Museveni, Kenyatta advice American companies to act like Chinese

By Andualem Sisay Gessesse – President Uhuru Kenyatta of Kenya and President Yoweri Museveni of Uganda today call on American businesses to take opportunities in Africa and invest in the continent that has 1.2 billion people.

“…But somehow your spectacles don’t see very well the opportunities in Africa,” President Museveni said, addressing a day-long African Business and Investment Forum opened in Addis Ababa, Ethiopia this morning.

“…You have private and public savings; you have technology and you have entrepreneurship, although your spirit of entrepreneurship is going down. I think the Chinese are more entrepreneurs than you. This is because an entrepreneur has spectacles to see opportunities. If you don’t have the spectacles, the opportunities will be there but you don’t see them. I think the Chinese have better spectacles than you people [American businesses]. Because they are coming to my country and see the opportunities and taking advantage,” Museveni said, during the panel discussion that focused on trade and investment in Africa.

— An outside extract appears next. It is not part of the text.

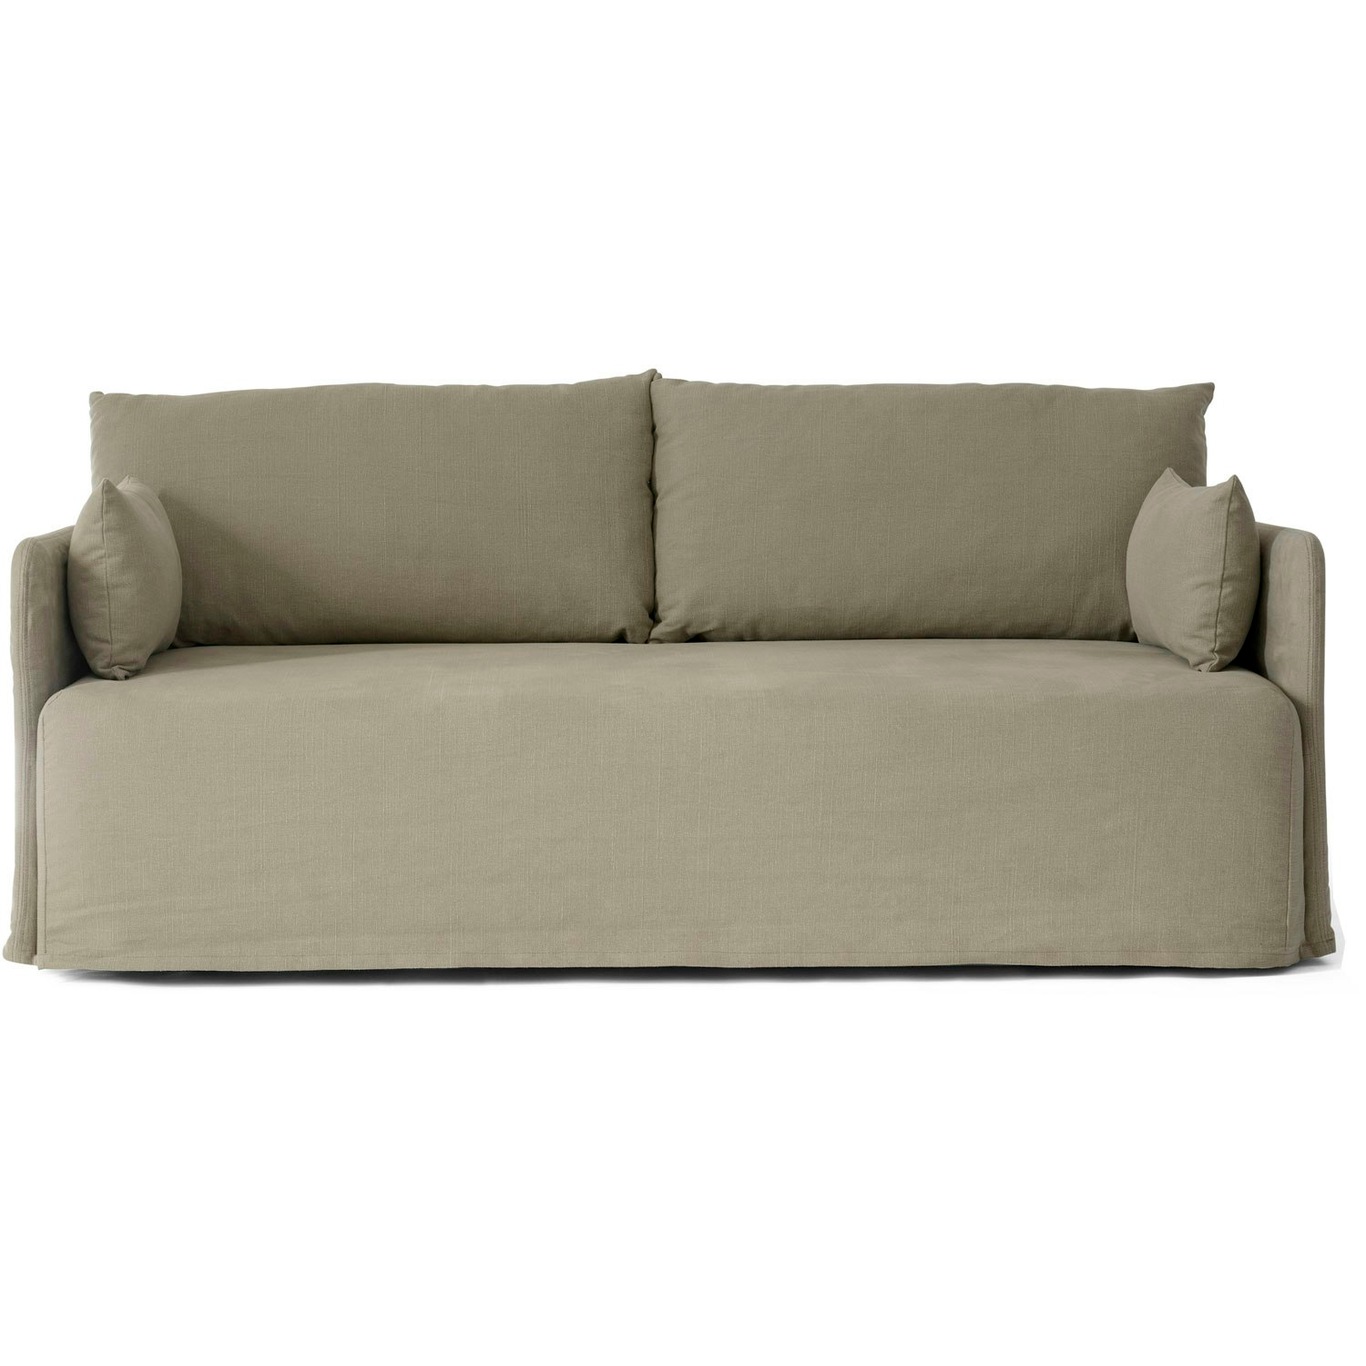 Offset Sofa 2-Seater Removable Upholstery Cotlin, Poppy Seed

He further stated that the fact that the purchasing power of Africa, which was $500 billion ten years ago has now reached $8.2 trillion shows that there is a big market for American investors to meet the demand of the growing population of Africa. The purchasing power of Africa by 2050 with population of 2.5 is expected to reach $30 trillion, according to the statistics President Museveni quoted calling it an underestimation of Africa.

Organized by the United Nations Economic Commission for Africa (UNECA) and Corporate Council on Africa, Africa Business and Investment Forum is held on the margins of the 30th African Union Summit with the aim of linking U.S. and African private sector executives and share insights with African leaders.

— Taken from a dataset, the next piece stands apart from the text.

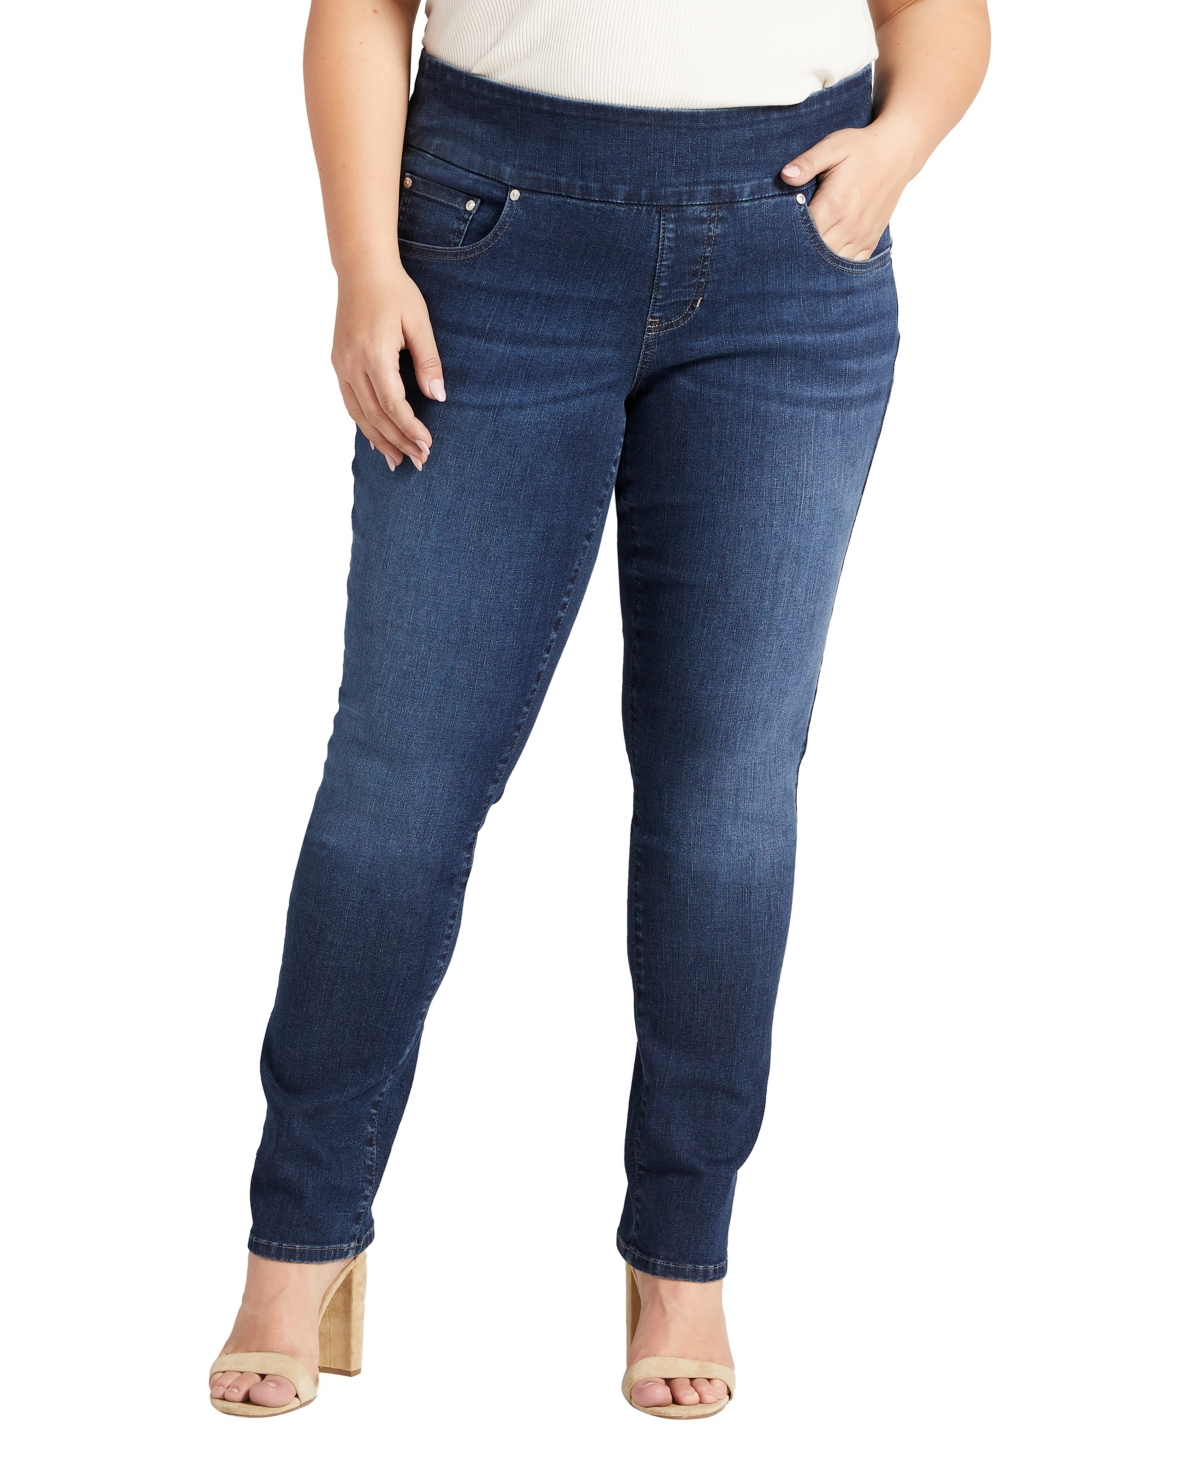 Plus Size Nora Mid Rise Skinny Pull-On Jeans - Anchor Blue

“You can count on us that we will make such dialog a tradition,” said the new President of the African Union President Paul Kagame of Rwanda, who noted that African development cannot be attained in the absence of private sector.

The representatives of Ethiopian Airlines and Boeing have stated the critical role commercial aviation plays is facilitating trade and investment within Africa.

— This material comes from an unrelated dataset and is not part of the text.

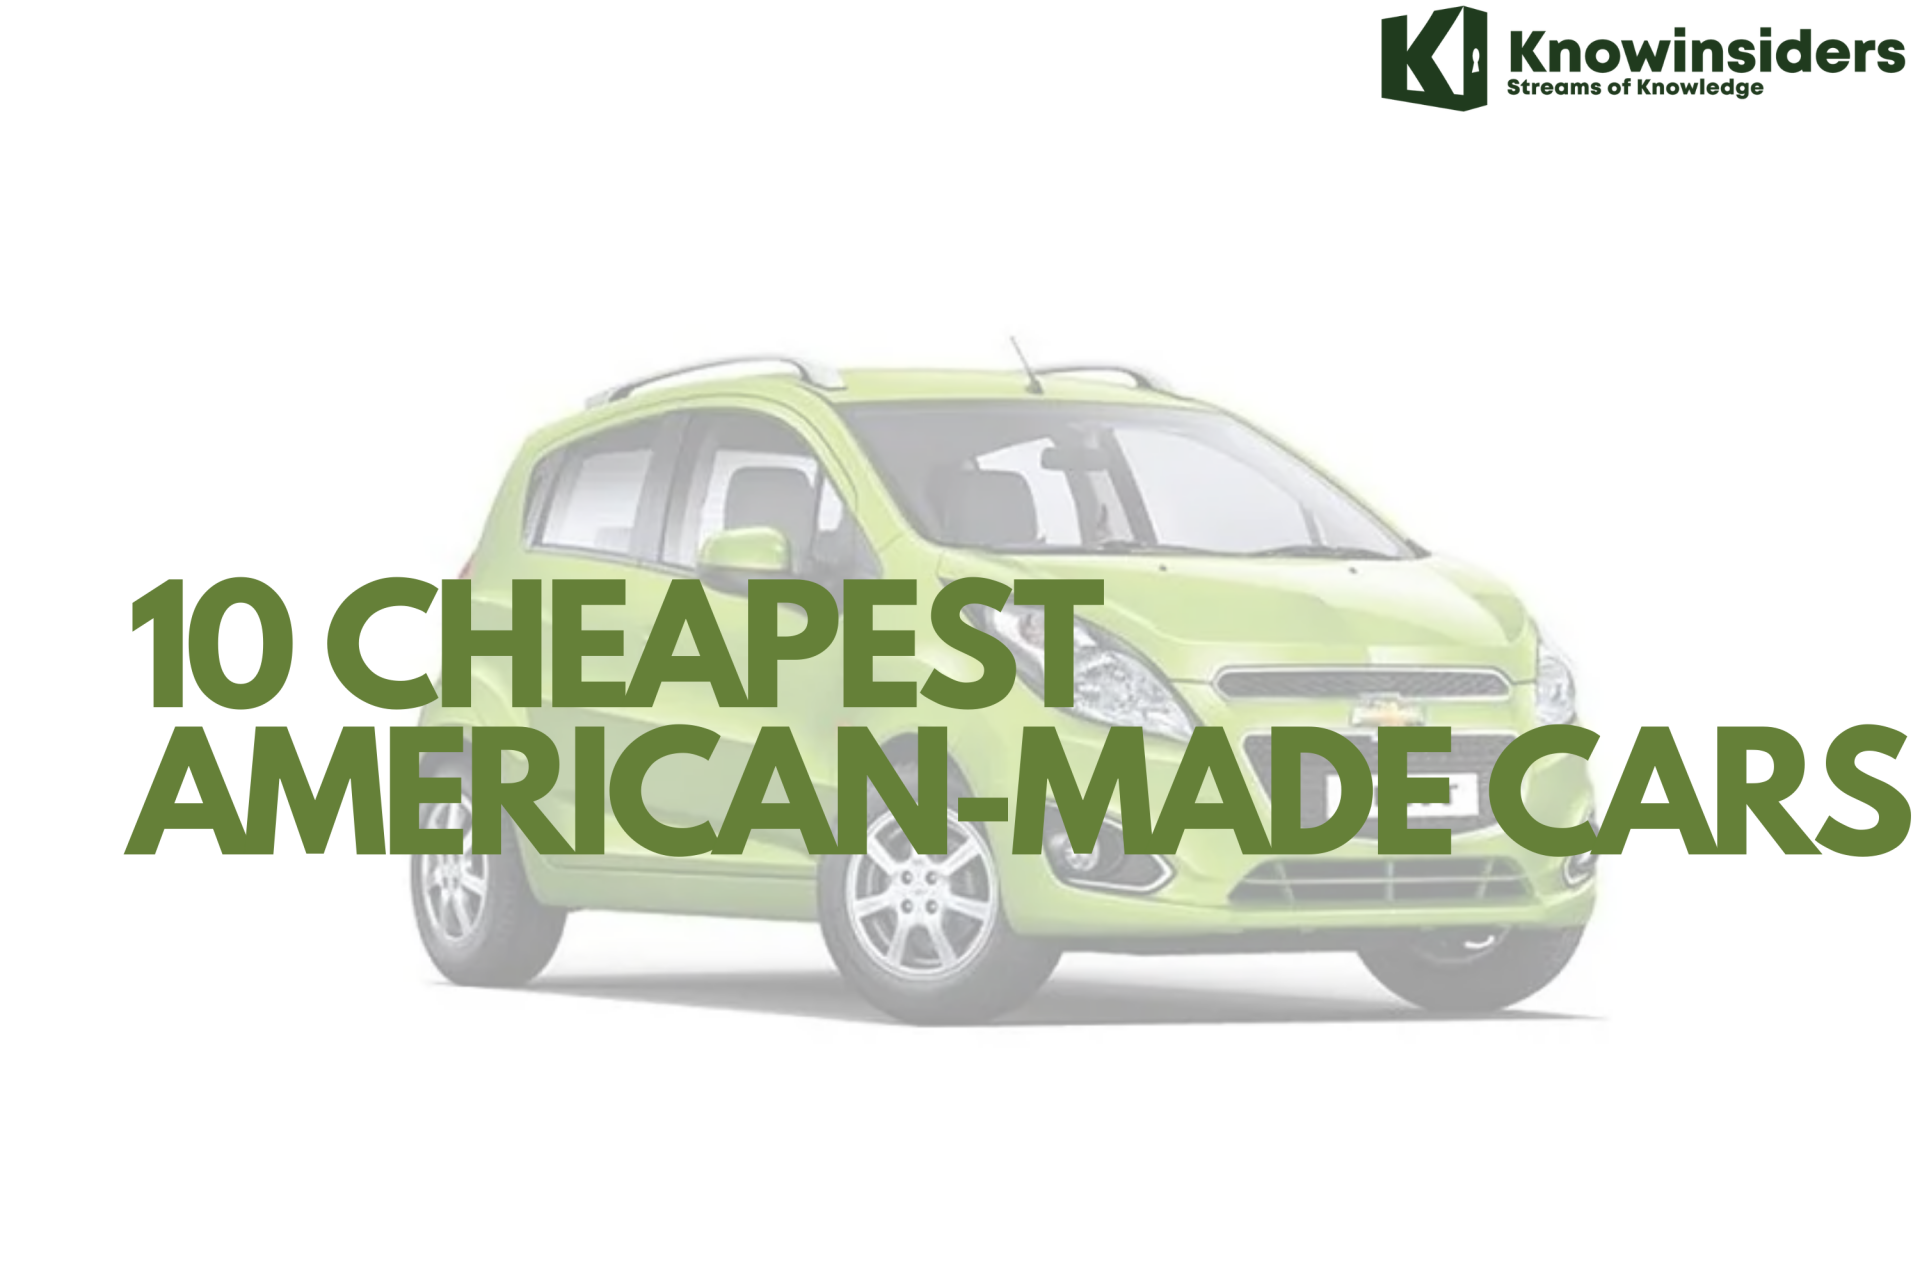 Top 10 Cheapest American-made Cars

African governments don’t need to interfere with the businesses of their commercial aviation to make their airlines successful, according to the representative of Boeing, who also advised the continent to have a common aviation regulation to ease the movement of people and goods within Africa using cheaper air transport as compared to the expensive road and railway networks.

President Uhuru Kenyatta of Kenya who spoke on another panel discussion on investment in Africa’s energy sector also stated that there is no better time to invest and prosper for Africa. “This is not the Africa 20 years ago. This is the new Africa with increased opportunities. We are looking for partners. We are not looking for help,” he said.

“I am here to encourage you to partner with us and help us drive what they call youth bulge to youth dividend,” President Kenyatta said, stating that the challenges that Africa is facing today are all opportunities for the private sector to invest in solving them and make profit.

He further noted that with the involvement of the private sector, which he called ‘profitable and viable’; access to energy in Kenya has increased to 60% today from 28% in 2013.